Sunday, May 26, 2024

The Perils Of E-Bikes

[“Let Inga Tell You,” La Jolla Light, published May 27, 2024] ©2024

There is not a day – maybe even an hour – that goes by that I don’t feel grateful that there were no e-bikes when my sons were growing up.  If I close my eyes, I can easily superimpose an image of my daredevil older son driving as recklessly as the kids who zoom by my house daily.

Trying to research the four classifications of e-bikes and their various age and helmet requirements for this column left my head spinning.  

The helmet part was easy: just as with a regular bicycle, anyone under 17 has to wear one. 

It’s the age part that has me confused.  Apparently, you have to be 16 to ride an e-bike if your electric bike can reach speeds of 28 mph.

While I fully admit that I would be at a loss to identify one classification of e-bike from another, the kids who go tearing by my house are either waay under 16 or have seriously stunted growth.  I would personally put many of them in the 12-14-year-old range.  So presumably they are riding e-bikes that go slower than 28 miles per hour. Somehow it seems   they are going waaay faster. Maybe it's just my heart rate watching them.

My home is located on a heavily-trafficked corner with a four-way stop.  If the local gendarmes wanted to fill the city’s flagging coffers quickly, they could lurk in the bushes and ticket the 50% of drivers who roll right through these stop signs, and, if they could even catch them, the 25% who blast through them without stopping at all. 

As you might imagine, there’s a whole of screeching of tires and colorful language going on as vehicles barely miss t-boning each other. You could learn a lot of bad words living at our house.

If I were to be completely honest, I was cited myself for a rolling stop some years ago on Prospect Street coming home from a yoga class at 9 p.m.  I was all mellow and om-y and the street near Bishops School was deserted. So I will confess to not coming to a 100% full stop.  A policeman lurking in the shadows pulled out and gave me a ticket requiring traffic school which at that time one had to attend in person. 

My fellow scofflaws all had one thing in common:  We all felt we had been entrapped.  Even the young woman who was cited for using her Doberman in the front seat to qualify for the car pool lane.  The instructor explained to me that a sign that says “STOP” actually stands for “Slow To Observe Police” and I would be wise to remember this in the future.

Having lived in our home for decades, we’re used to the lack of adherence to stop signs.  It’s the more recent addition of kids – lots and lots of kids – on e-bikes that is truly terrifying us. It would give their parents a heart attack if they saw them.  In fact, it’s giving us a heart attack and they’re not even our kids.

If there were one addition I could add to e-bikes, it would be a camera that recorded the bike driver’s driving and went straight to their parents’ cell phones 

Most of the e-bike riders would seem to be middle schoolers, at least by appearance and behavior.  Having raised two sons, I am acutely aware of how limited judgment and even a modicum of common sense is in this age group. 

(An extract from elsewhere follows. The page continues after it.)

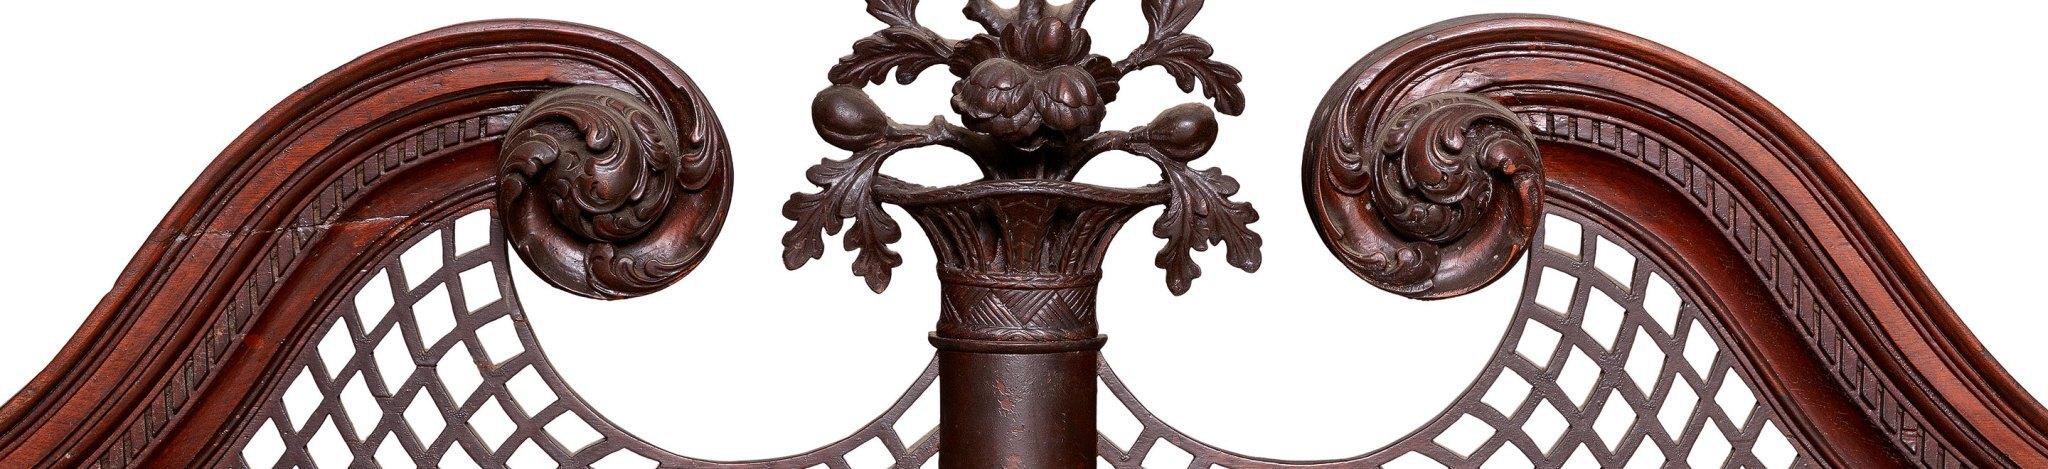 Important Americana: Furniture and Folk Art

It’s not just that few of these kids are even slowing down at the stop signs.  It’s that they’re speeding up.  Making left hand turns across oncoming traffic.  Not wearing helmets.  Putting two - or even three - kids on one bike.  Drag racing each other down the middle of the street.  Doing wheelie contests.  Riding on sidewalks. Having no lights after dark.

As a walker, I’m terrified they’re going to run me down.  It would not improve my already decrepit state to have my cervical and lumbar vertebrae disconnected from each other. 

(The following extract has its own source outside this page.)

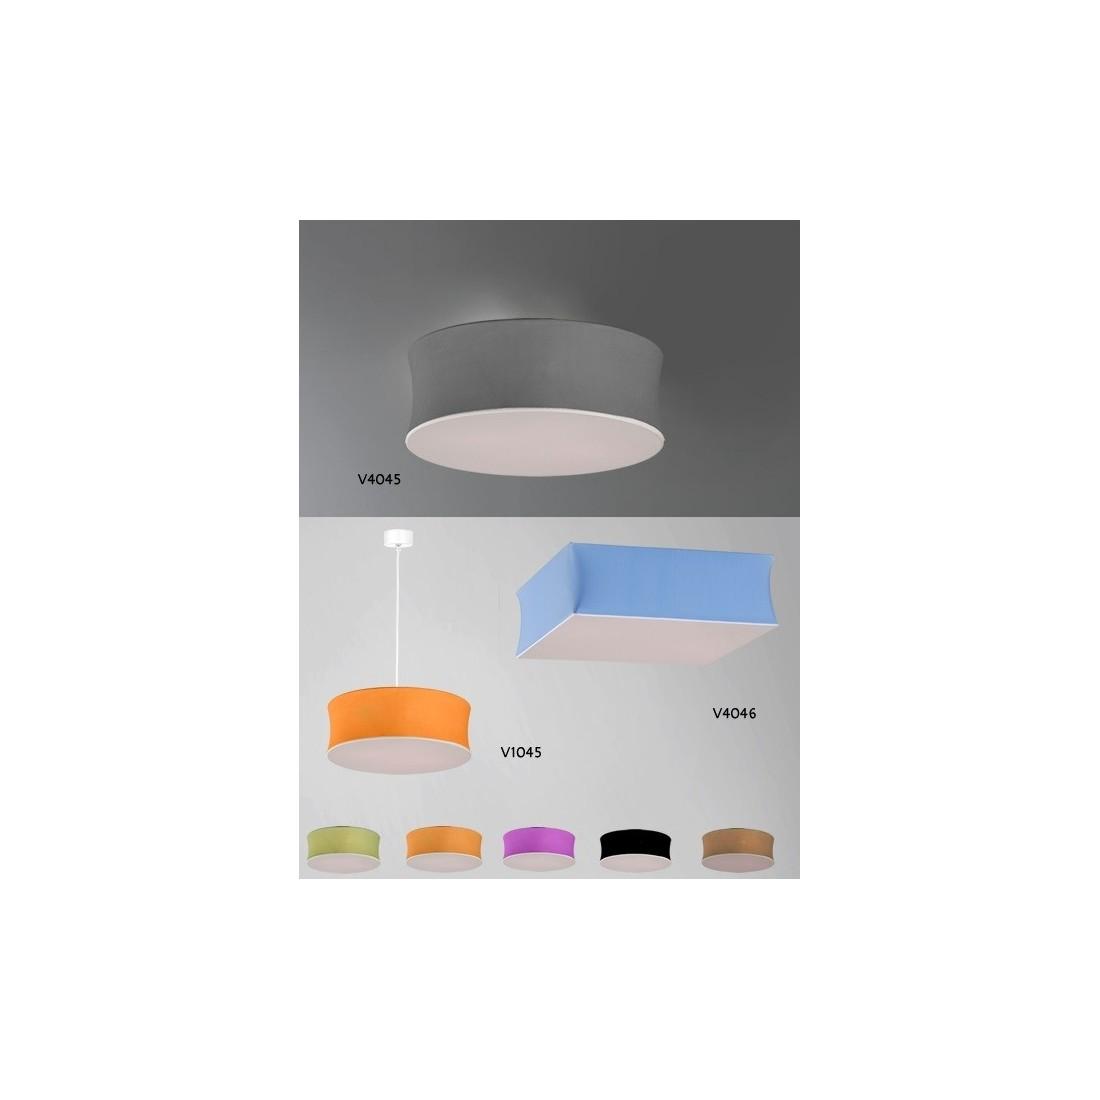 Lamparas infantiles lamparas dormitorio ni o lamparas - Lamparas de techo infantiles ...

My husband, Olof, is a former motorcycle guy.  In his college years, he was the happy owner of both a BMW 650 and a two-stroke Puch, his source of transportation since he couldn’t afford a car in that era.  His mother always suspected that he just wanted an excuse to ride a motorcycle to which she was adamantly, passionately opposed. Olof gets a misty look in his eyes as he describes his relationship with those bikes.

But he had a license, helmet, and took a motorcycle safety course before acquiring them.  Even he shakes his head in disbelief as he watches how fast and recklessly some of the local kids are driving on what are essentially motor vehicles.  It does seem evident that few of these kids seem to think the stop signs apply to bikes.  But then, that might be because they don’t seem to apply to cars either.